(Supplied material)
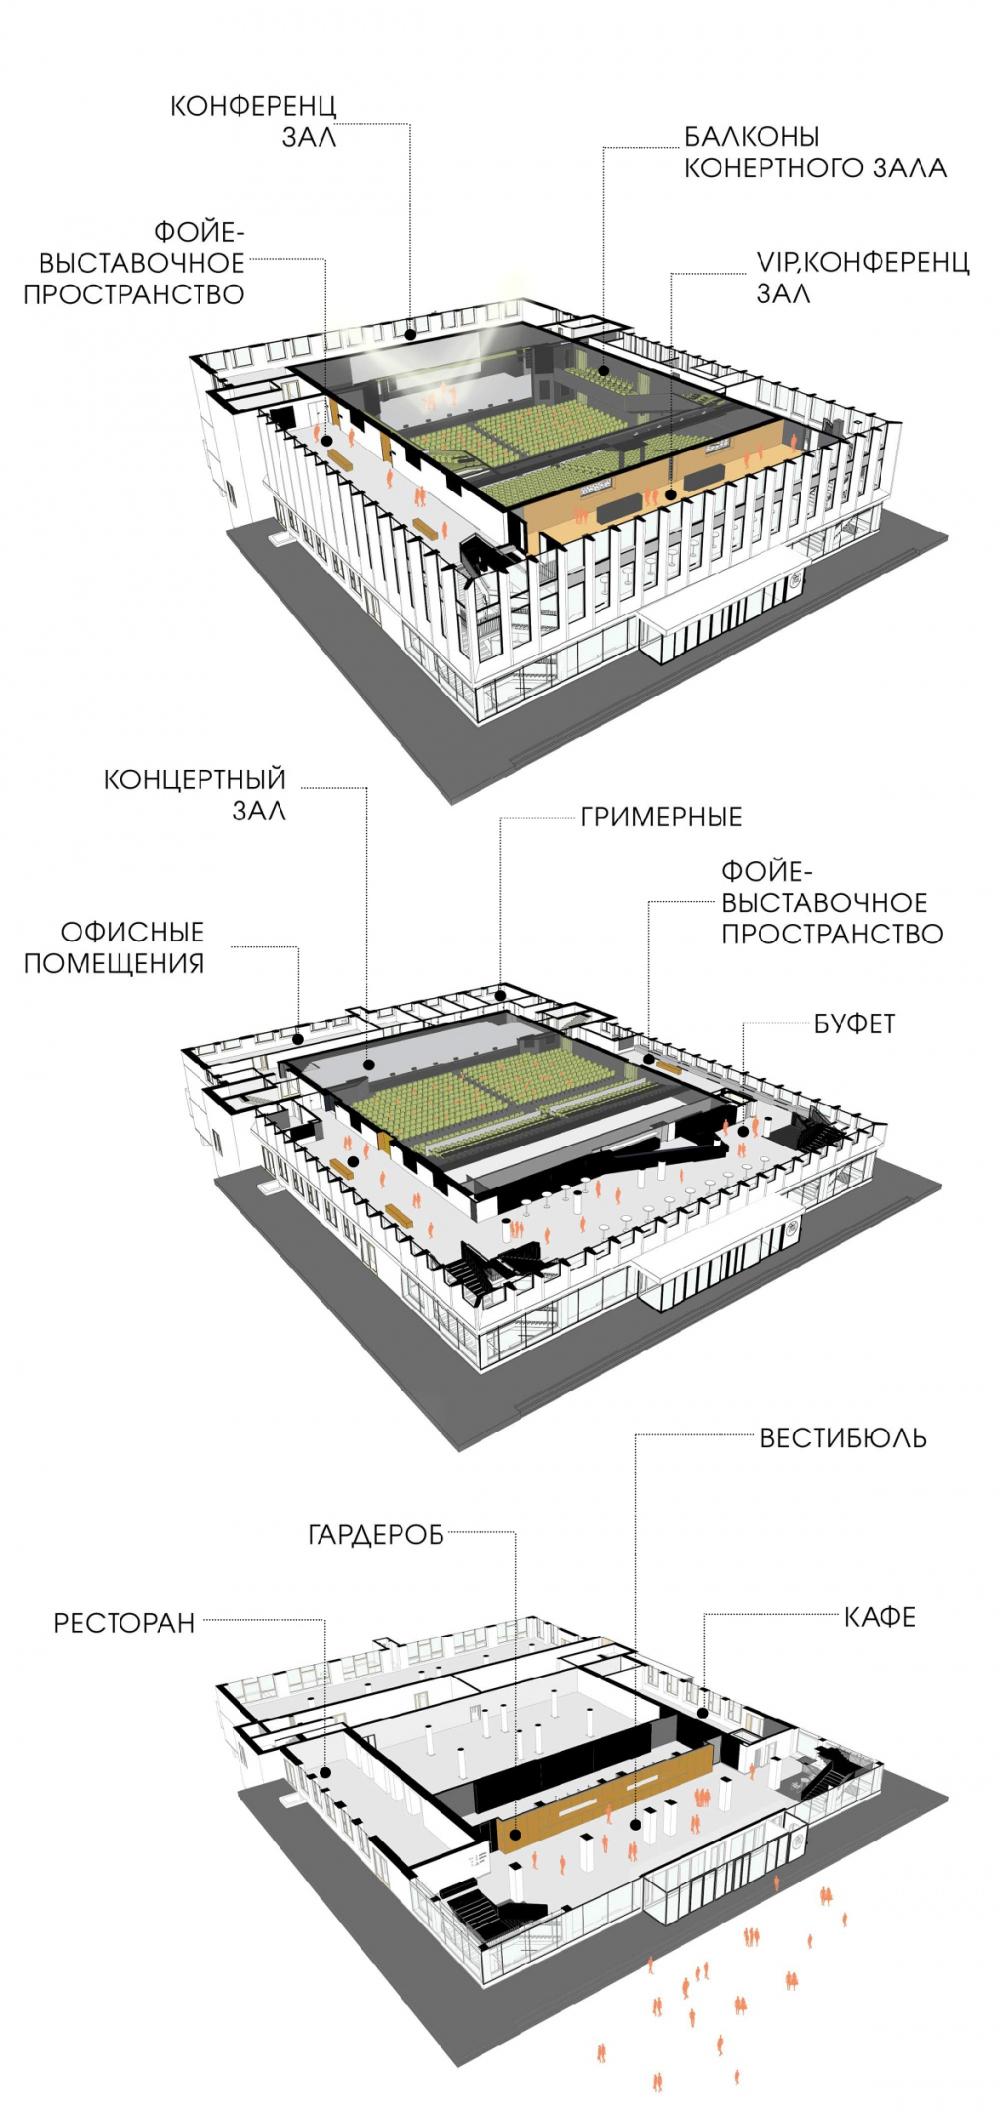 Концертный зал «Юпитер»<br>© Архитектурное бюро С. Горшунова
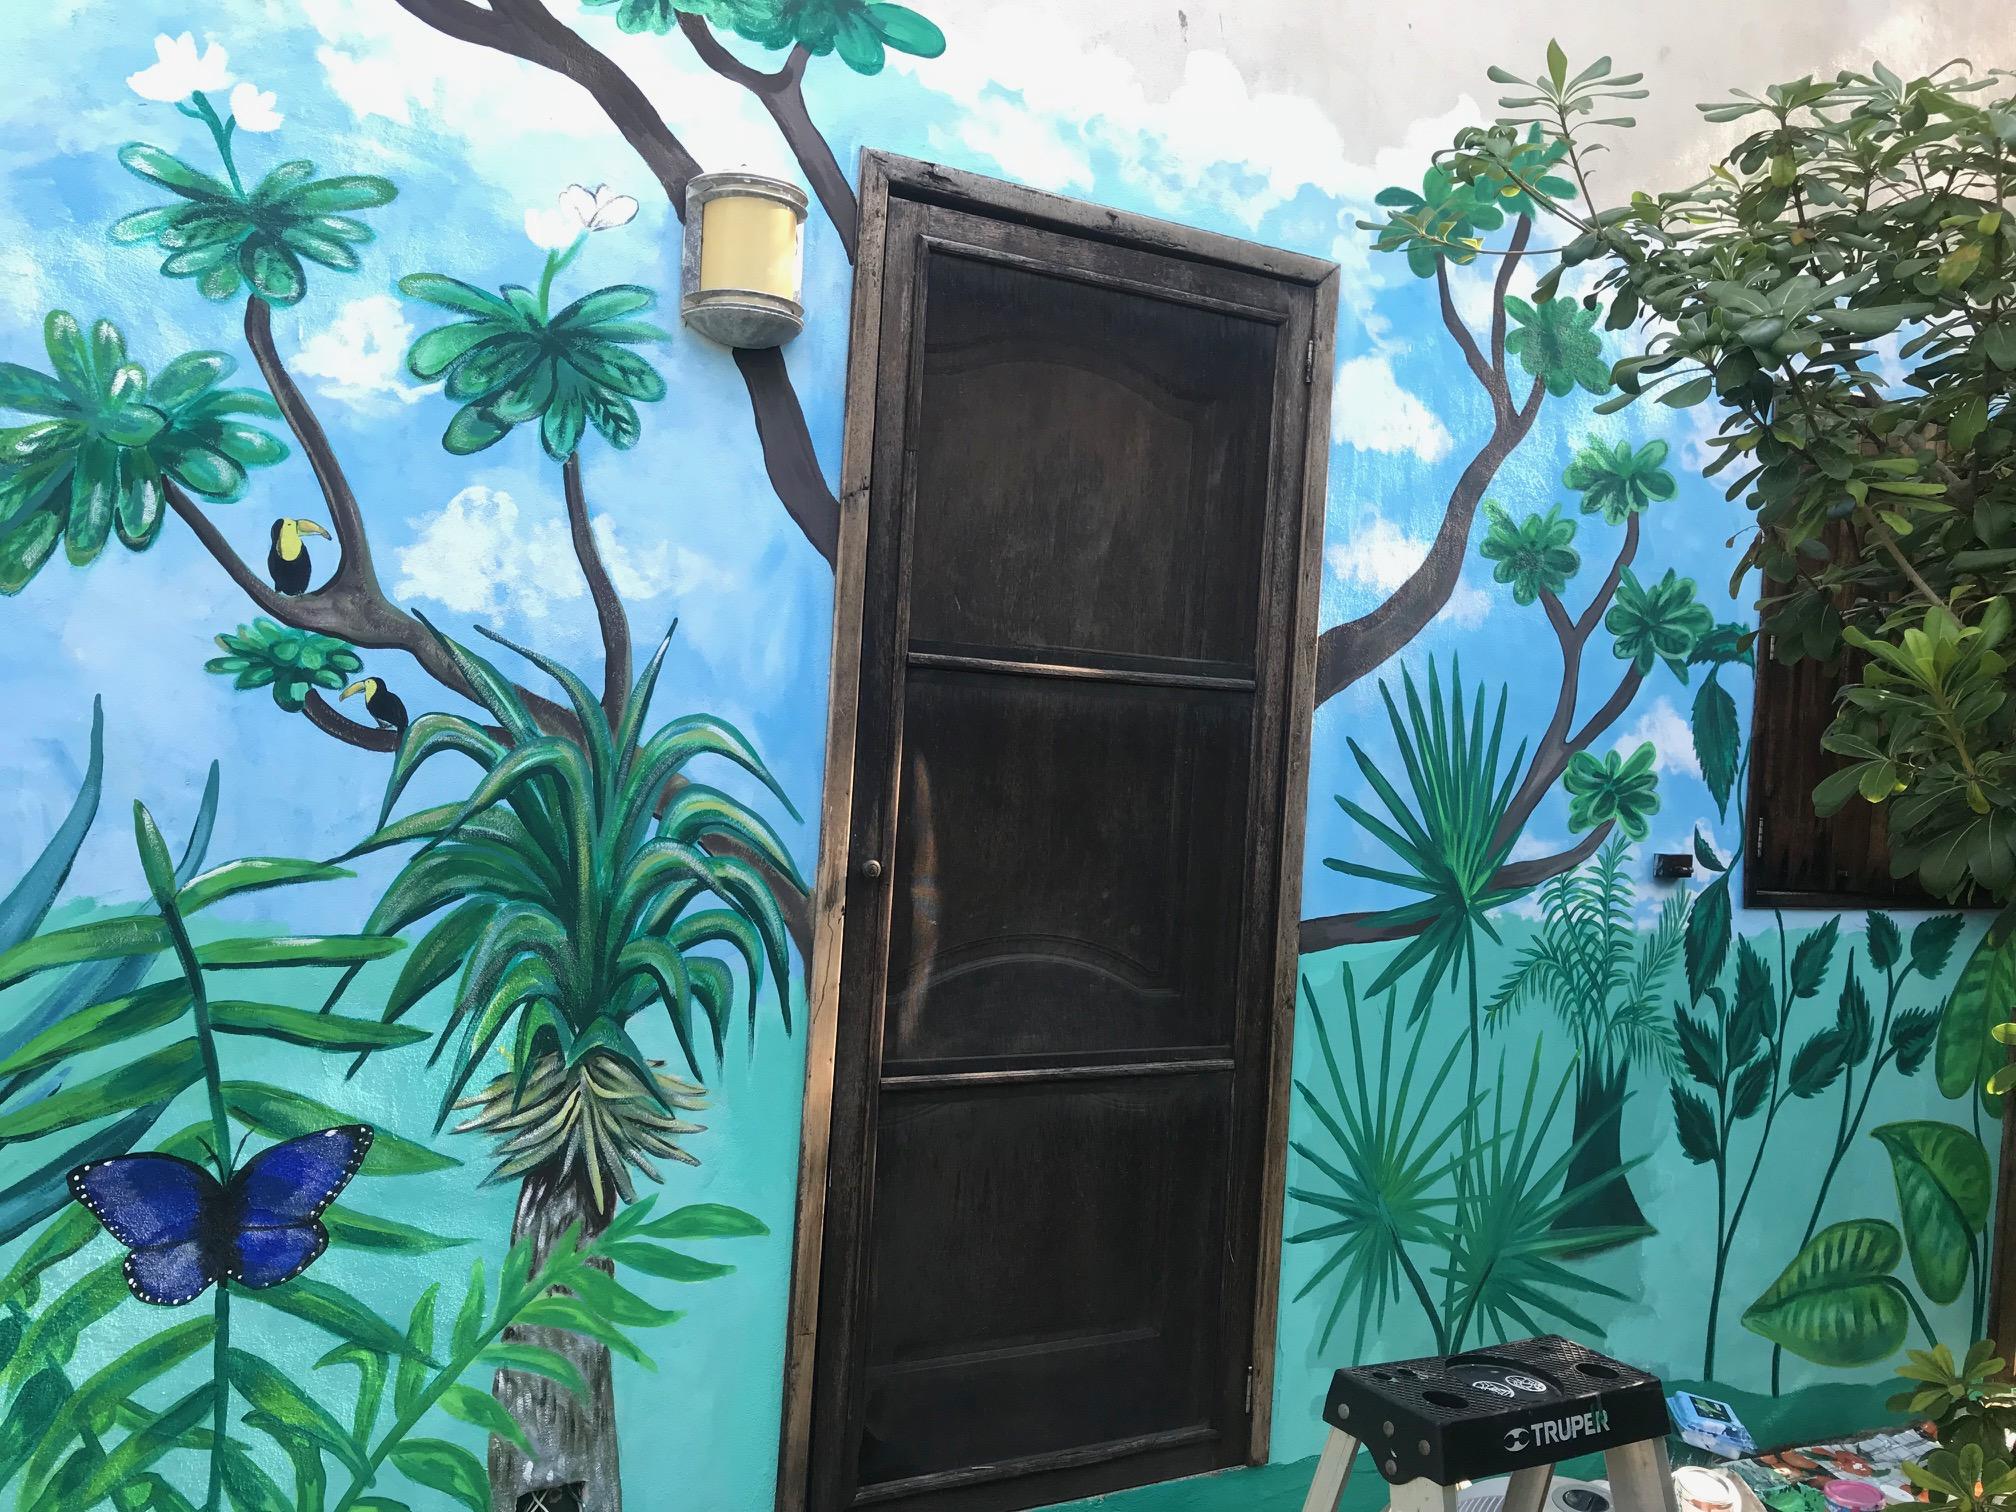 tropical mural surrounding a door
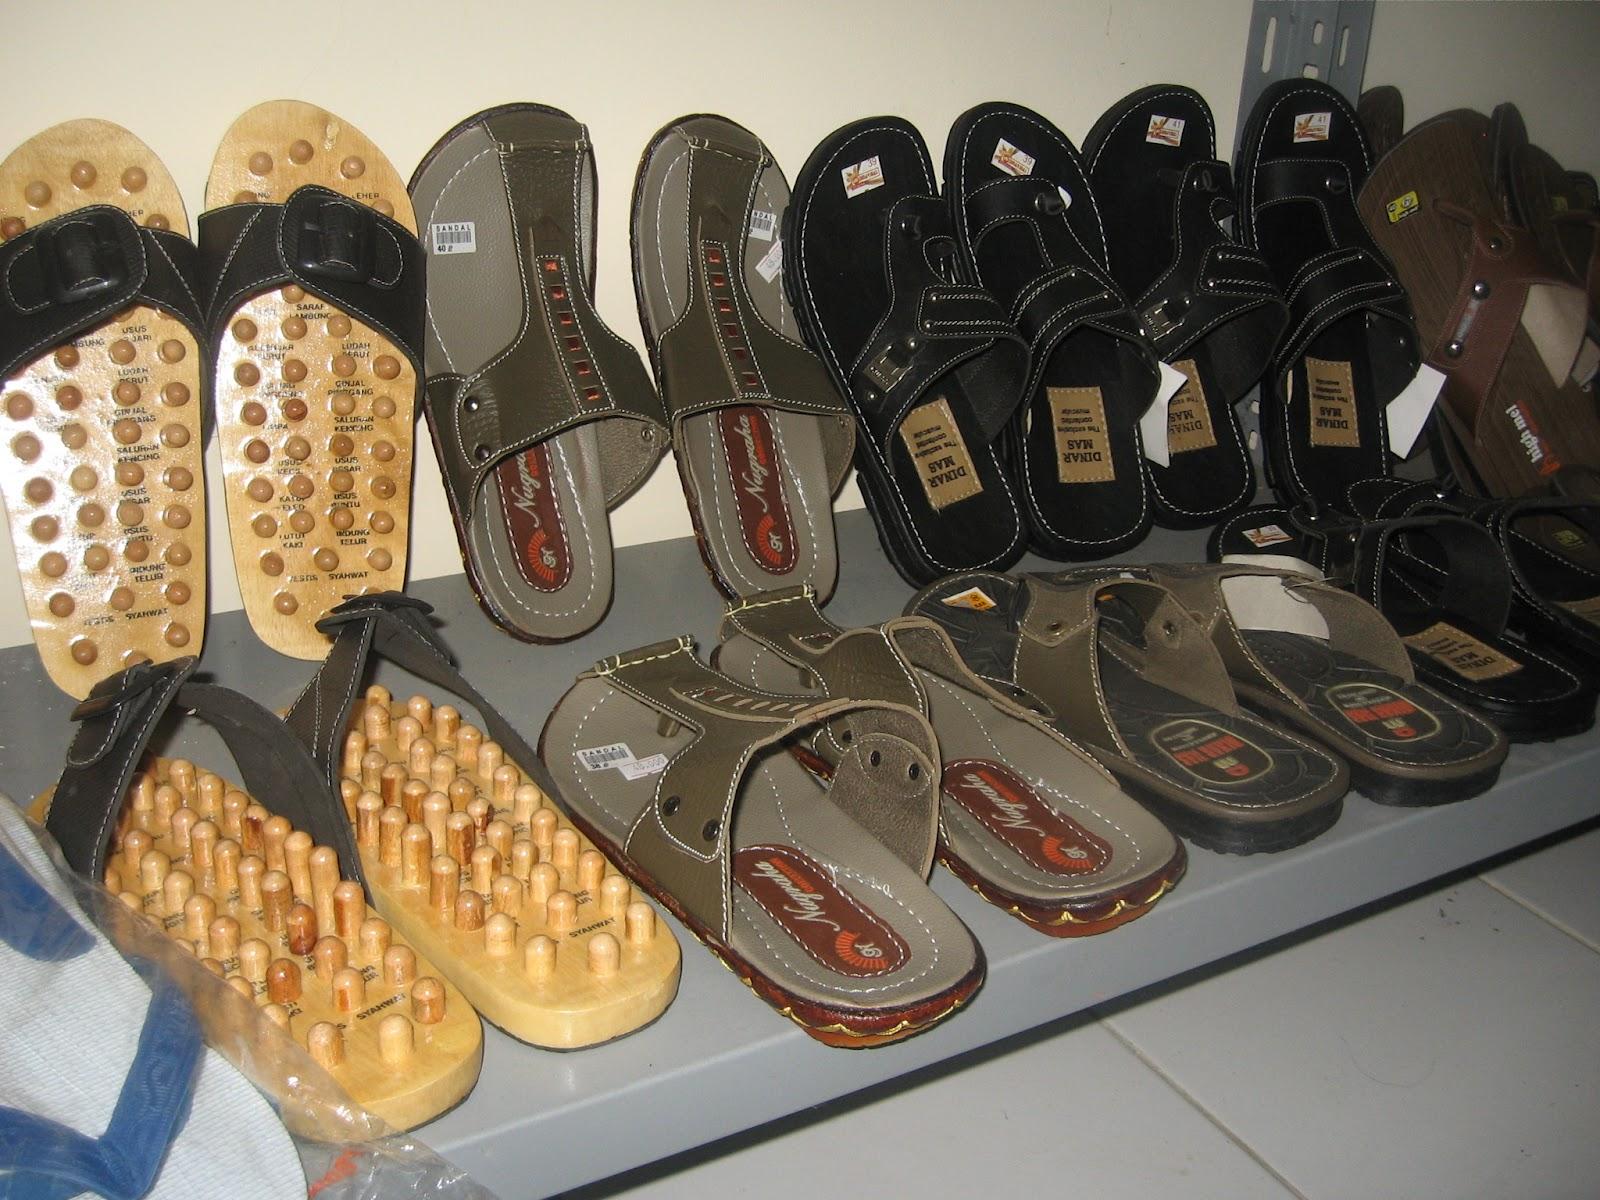 Toko Rubent: Jual Sandal Sepatu Keluarga
(End Supplied material)
* _What you will do_
Repeat each line above exactly as it reads, omitting any pictures.

* _Response_
 Концертный зал «Юпитер»<br>© Архитектурное бюро С. Горшунова
 tropical mural surrounding a door
 Toko Rubent: Jual Sandal Sepatu Keluarga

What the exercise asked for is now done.